Since Fanta is the only one able to purify the evil affinities, it looks like Ryang will have to welcome her into his life. Little does he know, Fanta has her own reasons and problems for coming to earth in the first place...

==Characters==
===Main characters===
- Ryang Jegal (제갈량)
Ryang is the 16-year-old protagonist of Faeries' Landing. He lives with his oldest brother Hun Jegal and his wife, Taeyeong Oh. His parents are both working overseas, and his other brother Kang is currently serving out his mandatory Korean military term. (Kang does come back in the later volumes, and gets used by Ryang's psycho ex-girlfriend Yuri.) Ryang always wears a bandana to cover up a long scar that Yuri gave him on his forehead.

His best friend is Mungyeong Seong, who goes to school with him and Fanta. Ryang was held back a year because he missed too much school, for a reason that has not been disclosed yet, but he seems to be a decent student. He is fairly athletic as well, as he is an extremely fast runner and good skateboarder. It is said that Ryang has no problem attracting girls, something that would get him into trouble later on. As for Ryang himself, there are more and more hints that he is attracted to Fanta.

- Fanta
The heroine of Faeries' Landing and the Faerie of Affinity. She is usually the only one who can purify Ryang's evil affinities, though her brother Pain and others with strong magical abilities can hold off the negative effects for an undisclosed amount of time. Until her gown heals itself (since a gown is a living part of a faerie), Fanta lives with Ryang's family on earth. Rather than being upset, she is quite happy to stay, mostly because it is the best opportunity to find her father's reincarnation and learn more about him. Ryang, Seho Yun, and Yuri Kim are the only humans who know that Fanta is a Faerie since Fanta has wiped the memories of everyone else who has seen her at work.

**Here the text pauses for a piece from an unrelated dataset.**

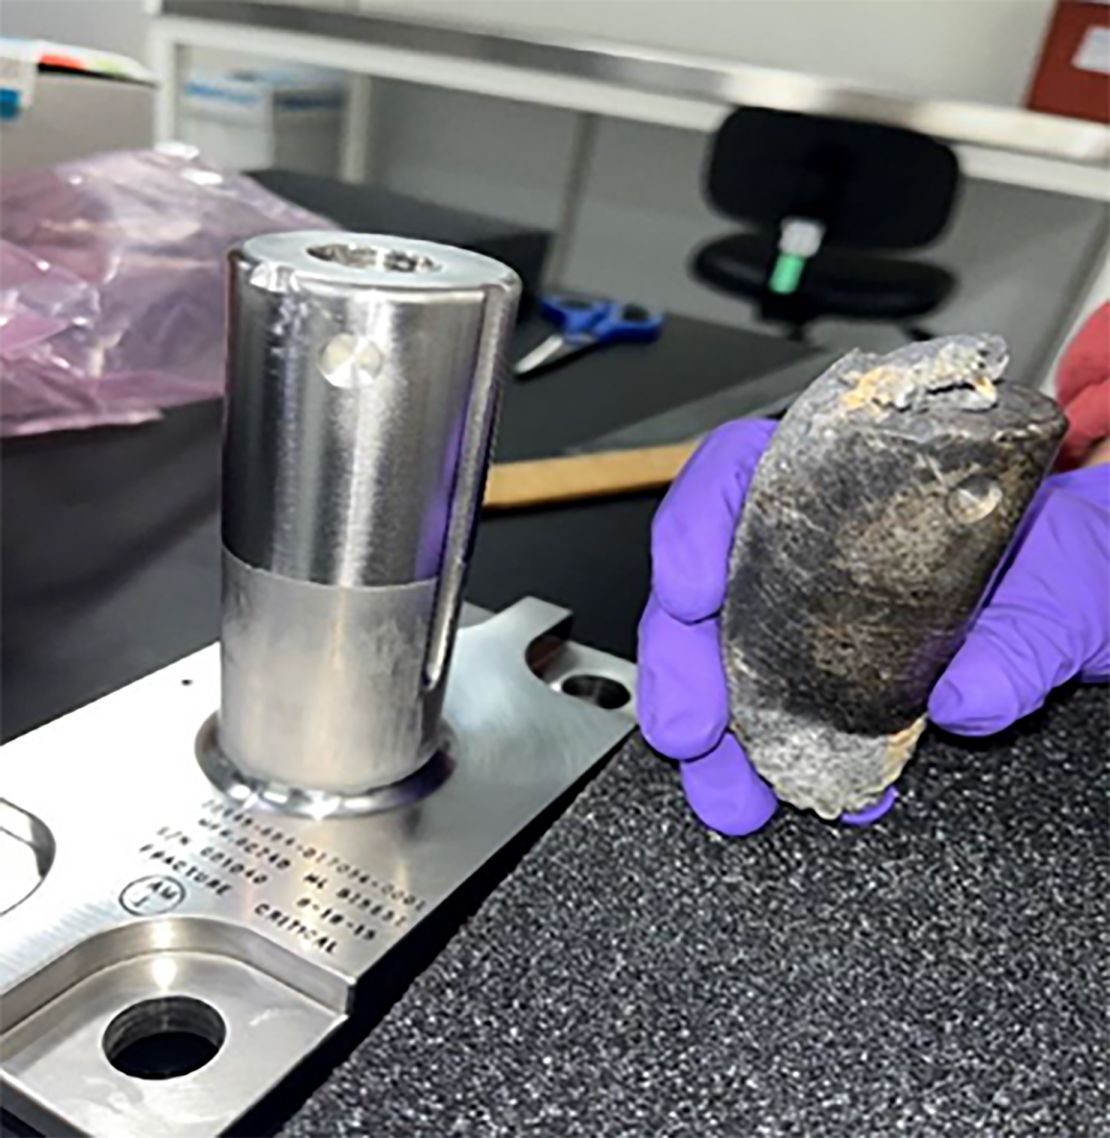 The recovered piece of space debris was part of flight support equipment that NASA used to mount International Space Station batteries on a cargo pallet. The part impacted a home in Naples, Florida.

Though she looks sixteen, Fanta is actually 172 years old (since one Avalon year is about 10 earth years). She can be manipulative, especially since her innocent and sweet appearances allows others to trust her. Despite the handicap of being a half-faerie, Fanta is extremely powerful, and was even able to summon a master class gown in the middle of a magical battle against her rival Medea and the exiled god Neptune, despite the fact such a feat should have been impossible. Fanta likes life in the mortal realm so much she completely torn her dress in half to stay longer, which was why summoning a master class dress was such an impressive feat, considering how badly her regular dress was damaged. Beyond her impressive magical powers, Fanta is very agile and strong, something that comes in handy more than once while fighting evil affinities. Furthermore, her body possesses the unique quality of being to absorb, store, and then release vast amounts of magical energy. Because the power was dangerous, it was sealed off when Fanta was very young and she undid the seal only when Oreadia's life was threatened. This quality is shared by the King of Avalon and one of the primary reasons why he wants to marry her; since both he and Oreadia noticed this aspect of Fanta before it was sealed off, Fanta has become instrumental in both their plans.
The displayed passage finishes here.